Eurasian envelopment for Gazprom
Turkey acted in a breath-catching accord with Europe that rejected it. Almost the very next day after the searches Turkish Minister of Energy Taner Yıldız exclaimed Turkish unwillingness to prolong the contract for supply of Russian natural gas through the so-called “western route” (via Ukraine, Romania and Bulgaria). The mentioned reason for that was the “failure to achieve agreement on the scale of desirable discount”.
We could’ve seen the Turkish denial to prolong the contract with Gazprom coming, though. In 1986 state company Botas signed a contract for supply of 6 billion cubic meters. Later it was supplemented by contracts with Iran(1996 — 10 billion cubic meters), Gazprom (1997 — 16 billion cubic meters), Gazprom again (1998 — 8 billion cubic meters), Turkmenistan (1999 — 16 billion cubic meters) and Azerbaijan (2001 — 6.6 billion cubic meters). Thus, in total Turkey made contracts for 56.6 billion cubic meters of gas — apart from 5.2 billion cubic meters of liquefied gas that is bought from Algeria and Nigeria.
Turks are obviously getting rid of the gas volumes that are of no use for them, claiming it to be overpriced to justify the denial. It seems that Turkish Minister of Energy has plainly joined the recent favorite game of Turkish authorities: coping with its own problems, presenting it as solidarity with the Western cause. Turkey sticks to the same pattern, condemning human rights violation in Syria, striking its competitor — Iran — and styling this as a support of the USA and the EU.
Yıldız’s statement has a false bottom, however. Thus, Turkey exquisitely hints Gazprom that the fate of South Stream gas pipeline, which is to come through the Turkish economic zone, depends upon its will. By now Ankara has only agreed to explore the seabed without giving a final consent. Therefore, agreeing to let the pipeline through their territory Turks will be able to address the issue of gas prices and the current contracts once again.
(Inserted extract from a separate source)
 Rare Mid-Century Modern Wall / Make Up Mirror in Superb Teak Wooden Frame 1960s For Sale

If no common grounds with Turks are found, we’d have to address Ukraine, whose waters are also suitable for laying the South Stream. Yet, the hope for consensus is even more dismal here. Naval way was actually invented as a way roundabout the ground Ukrainian way, thus Kiev will hardly be enthusiastic.
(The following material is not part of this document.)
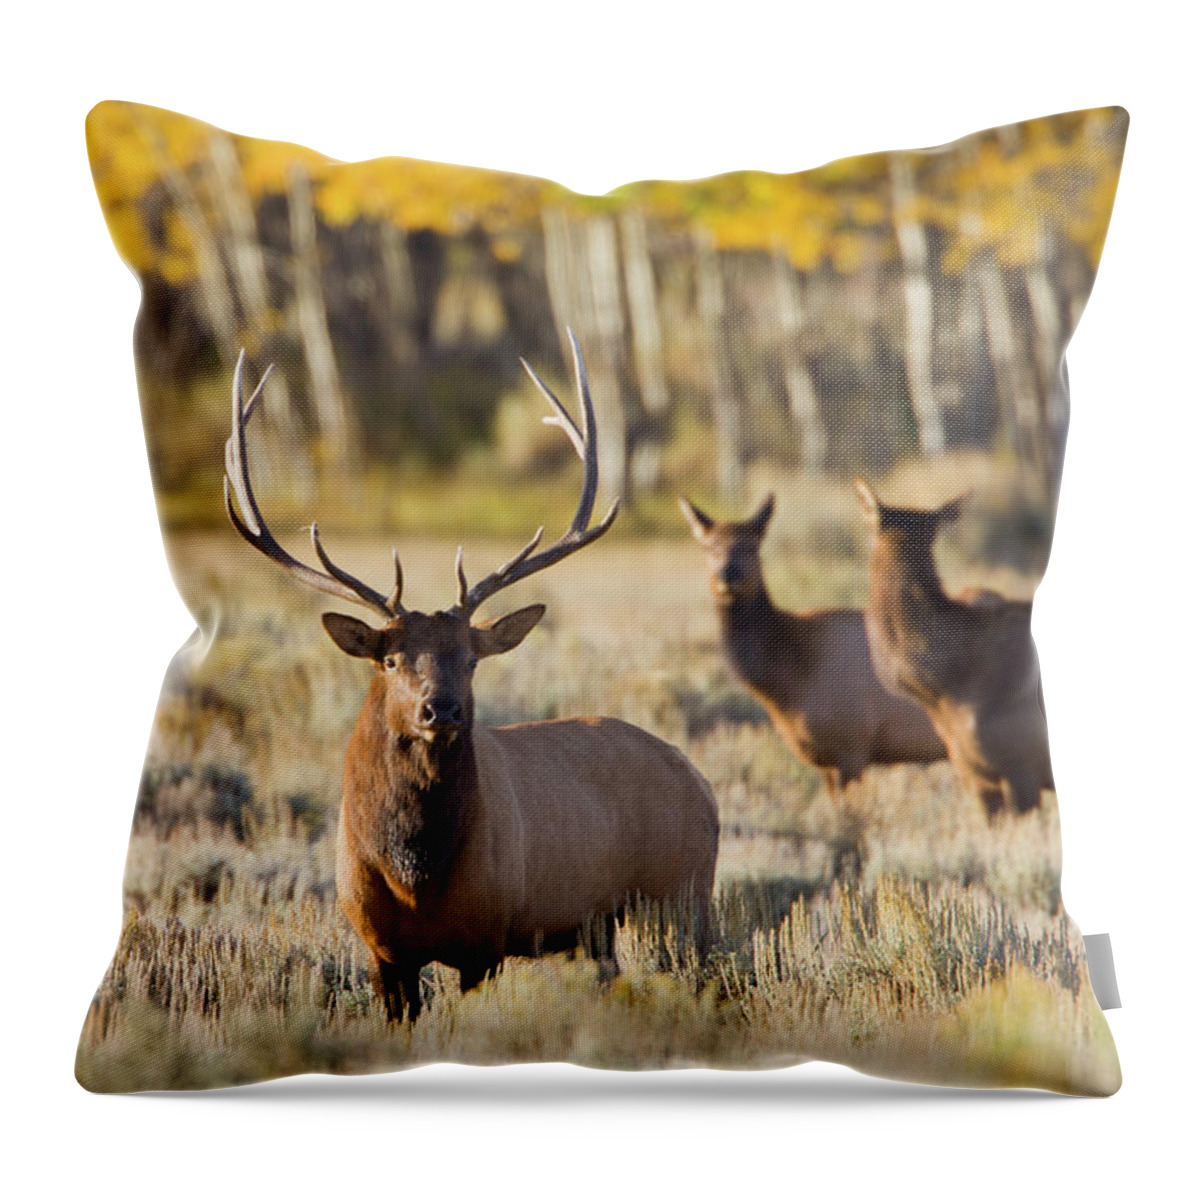 Vertebrate Throw Pillow featuring the photograph Elk Bull With Cows by Kencanning

Turkish denial of the 25-year-old contract is surely a bluff. 10 billion cubic meters of Iranian gas may turn zilch at any given moment. As far back as in 2008 Iran had to restrain export to Turkey due to insufficient supplies from Turkmenistan. Supplies were decreased four times then and explained by “technical problems with the pipeline”, although in reality it was all about Turkmen desire to bulk up the gas prices.
At that, this incident took place during the not so distant age of good-neighborly relationship of two countries. Today Turkey entered the phase of direct confrontation with Iran, competing with it for the influence in Islamic world. Thus, Turks may expect no mercy from their geopolitical rival. Iranian contribution into the Turkish gas market is quite substantial and getting at loggerheads with Russia, Ankara risks fetching itself back at square one. Turks, though, have always been good merchants, which is why there’s no need for dramatizing the situation around Botas and Gazprom. They will make a deal.
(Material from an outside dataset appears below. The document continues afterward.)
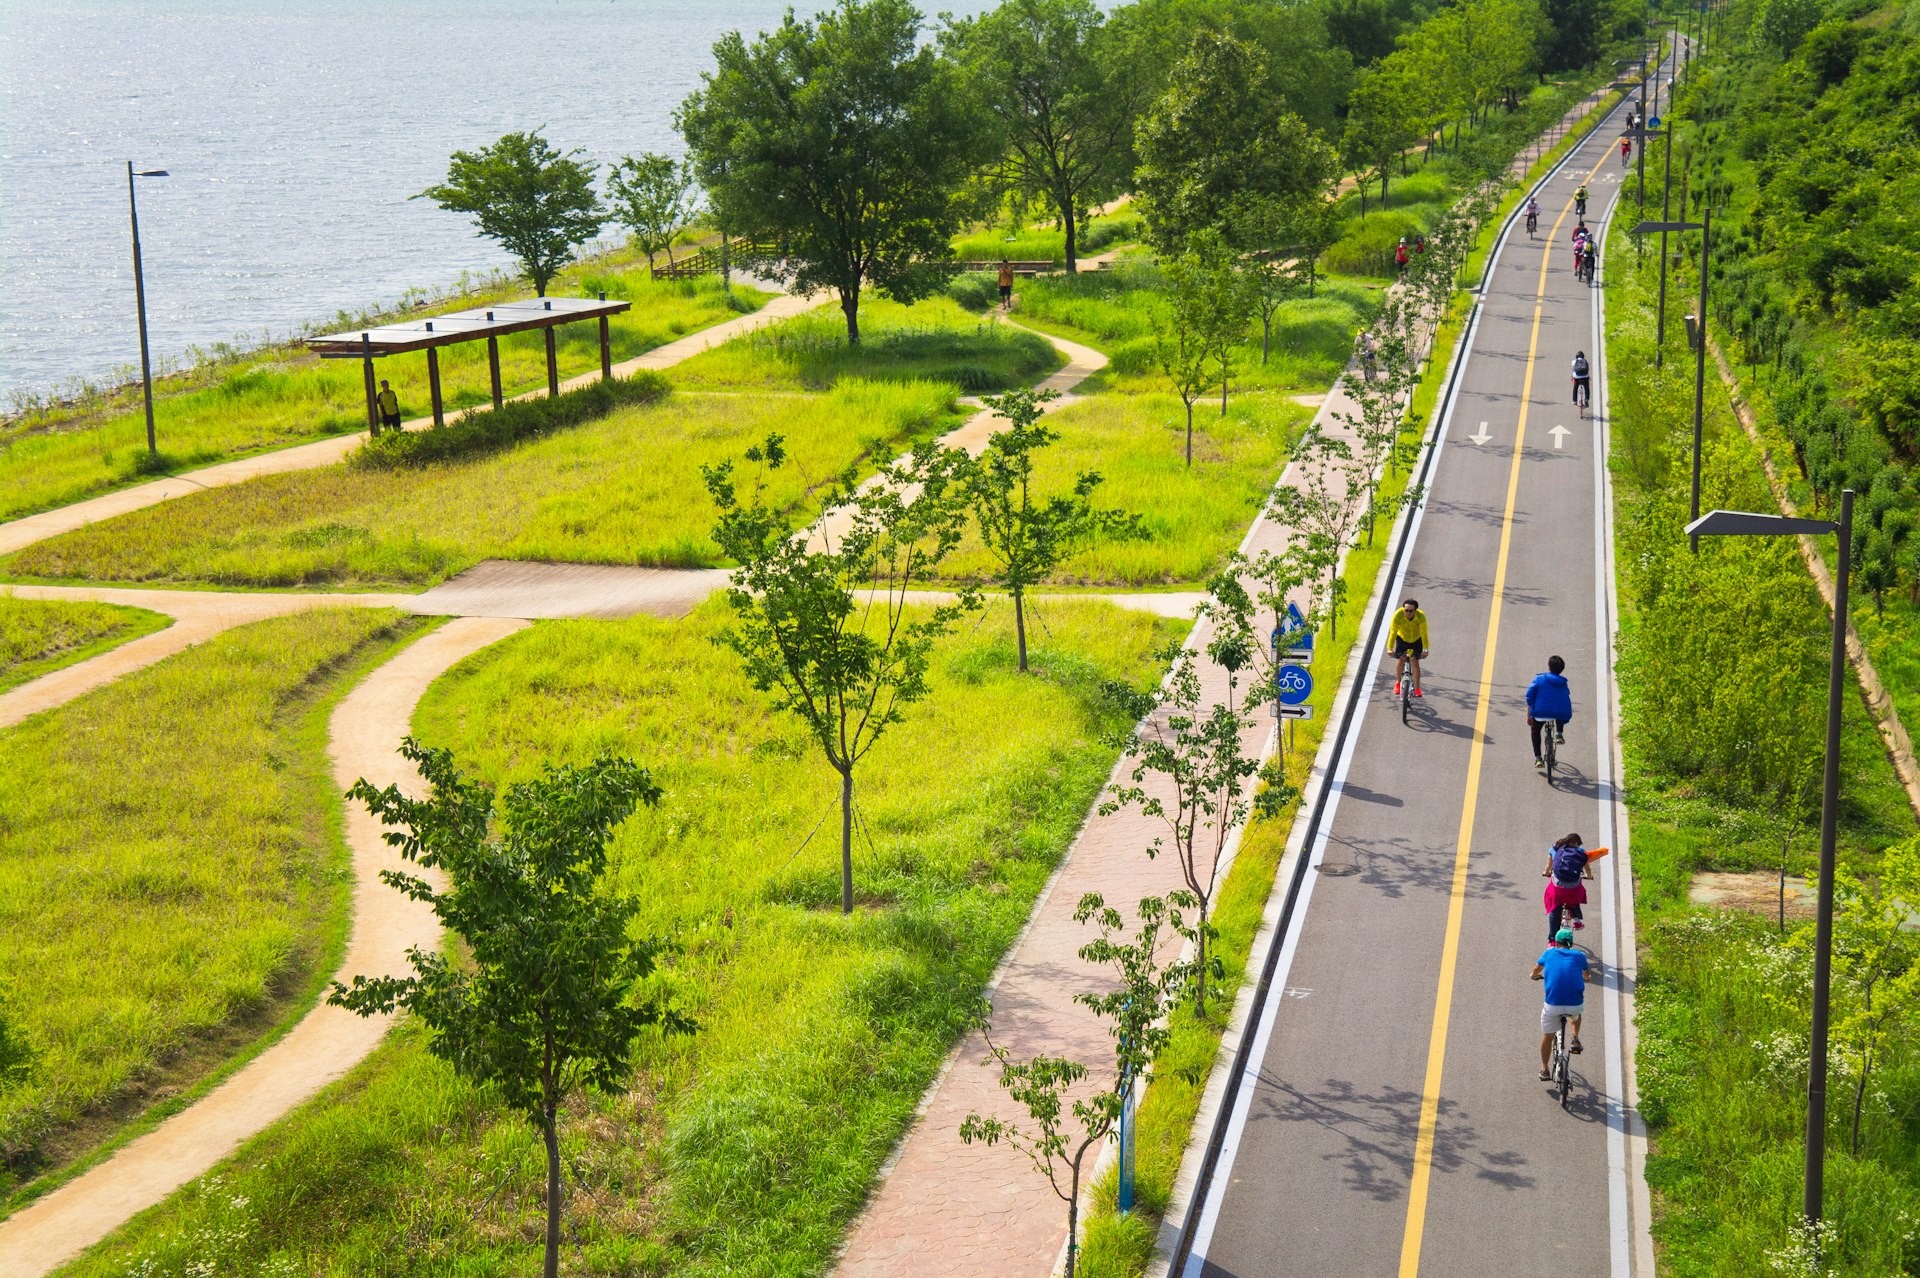 Cyclists ride along a paved path in the Mangwon section of the riverside park along Han River, Seoul

Pipelines as the weapon of energy geopolitics
Attack at Gazprom from two directions at once took place soon after neutralizing one more direction (the Ukrainian one). Yet, the conflict hasn’t exhausted itself yet. Ukraine is willing to participate in the development of Russian gas fields in order to export gas from Russia to Europe itself. Yet, for Gazprom single-handedly creating competition at the export market would be an awkward move. Prime Minister Vladimir Putin has flatly turned down this opportunity at the plenary sitting of the third investment forum: “Russia calling!”: “They’d only be able to access the production assets and the Gas Transit System within Ukraine” — he said on the 7th of September. According to Vladimir Putin, liberalization of the export gas market is impossible at the moment — it may simply collapse the market.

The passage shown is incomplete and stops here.